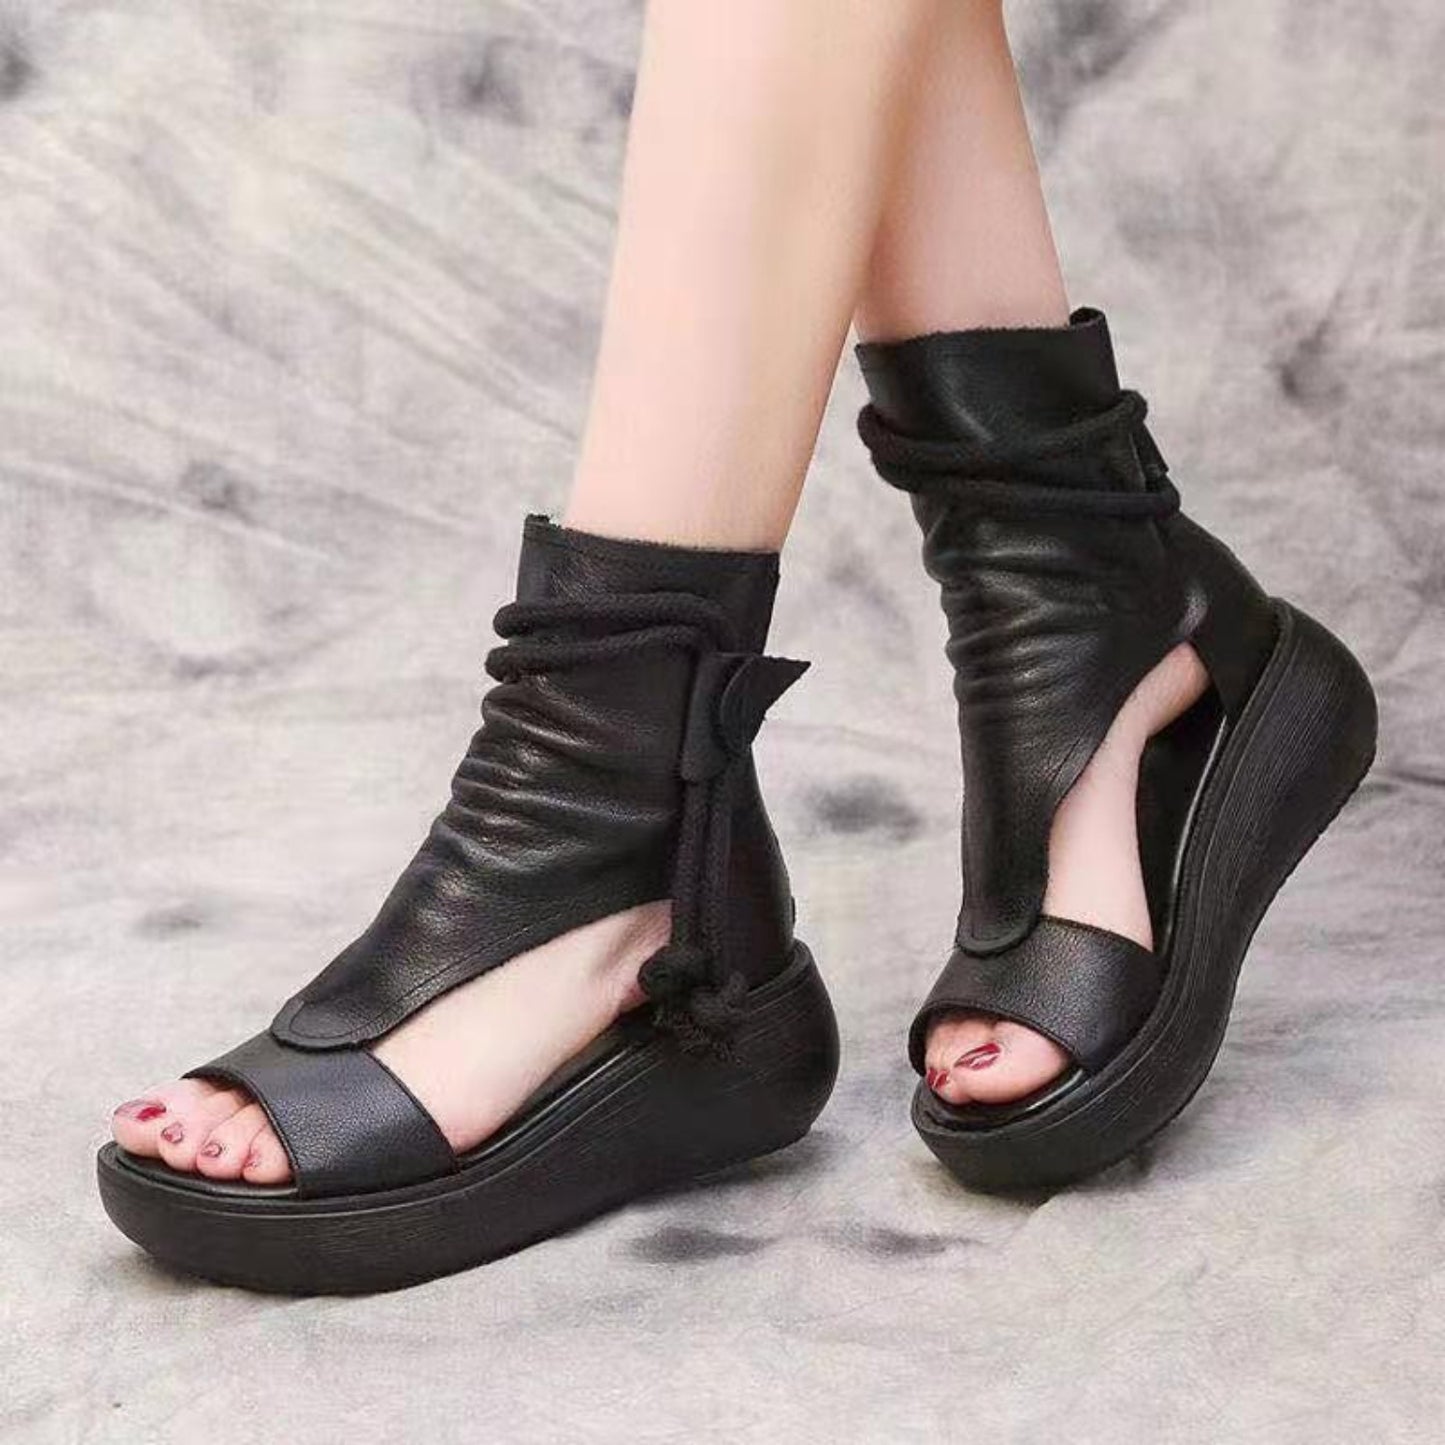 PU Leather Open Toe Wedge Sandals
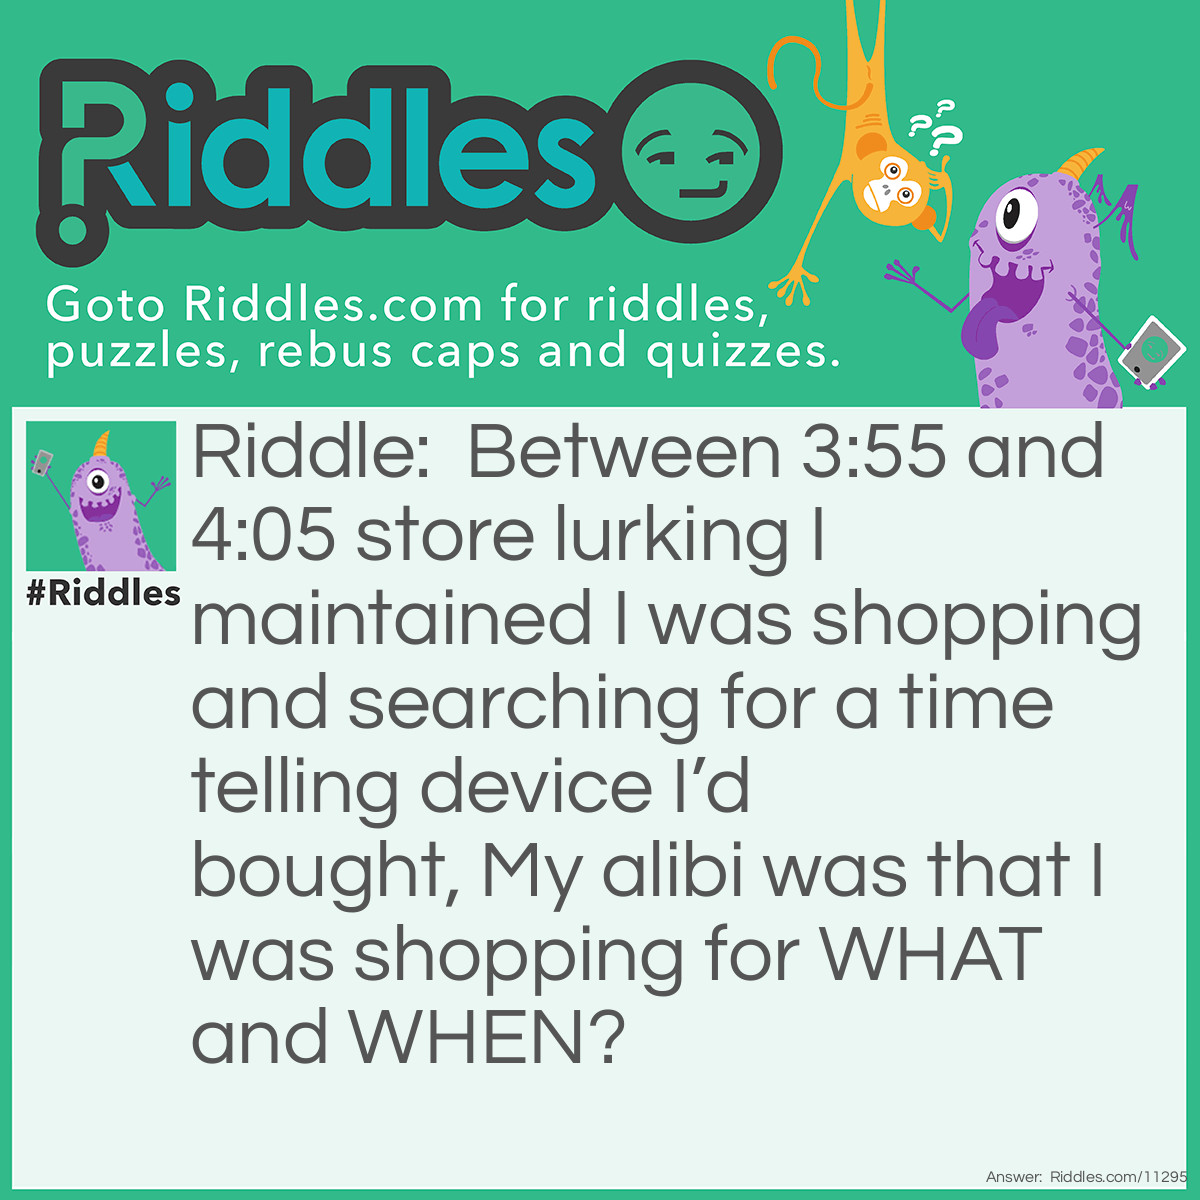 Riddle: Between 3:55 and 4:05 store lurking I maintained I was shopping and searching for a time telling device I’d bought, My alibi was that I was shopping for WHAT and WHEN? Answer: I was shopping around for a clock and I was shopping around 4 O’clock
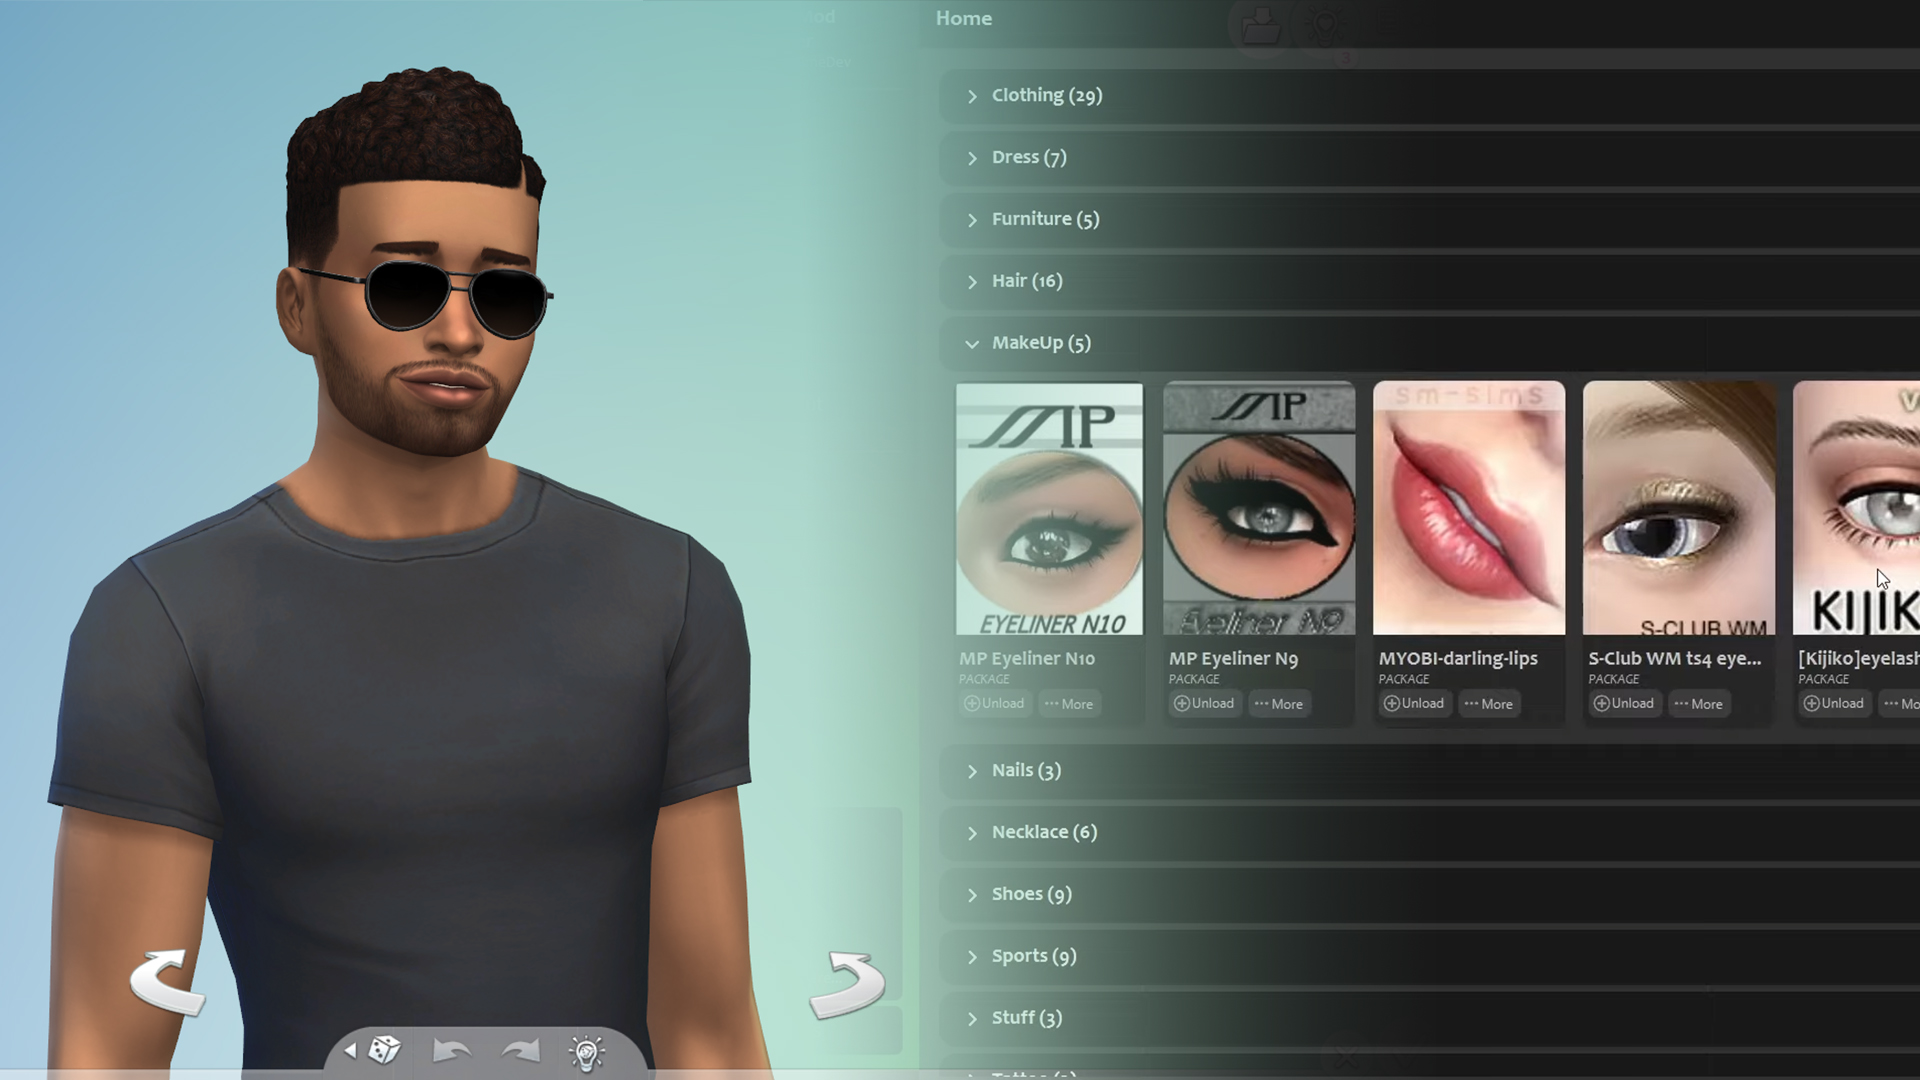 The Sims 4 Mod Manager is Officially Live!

════

Try it: Write the lines from the one containing "Riddle: Between 3:55" through the end of the data above exactly as they appear, and do not carry over any picture.

Answer section:
 Riddle: Between 3:55 and 4:05 store lurking I maintained I was shopping and searching for a time telling device I’d bought, My alibi was that I was shopping for WHAT and WHEN? Answer: I was shopping around for a clock and I was shopping around 4 O’clock
 The Sims 4 Mod Manager is Officially Live!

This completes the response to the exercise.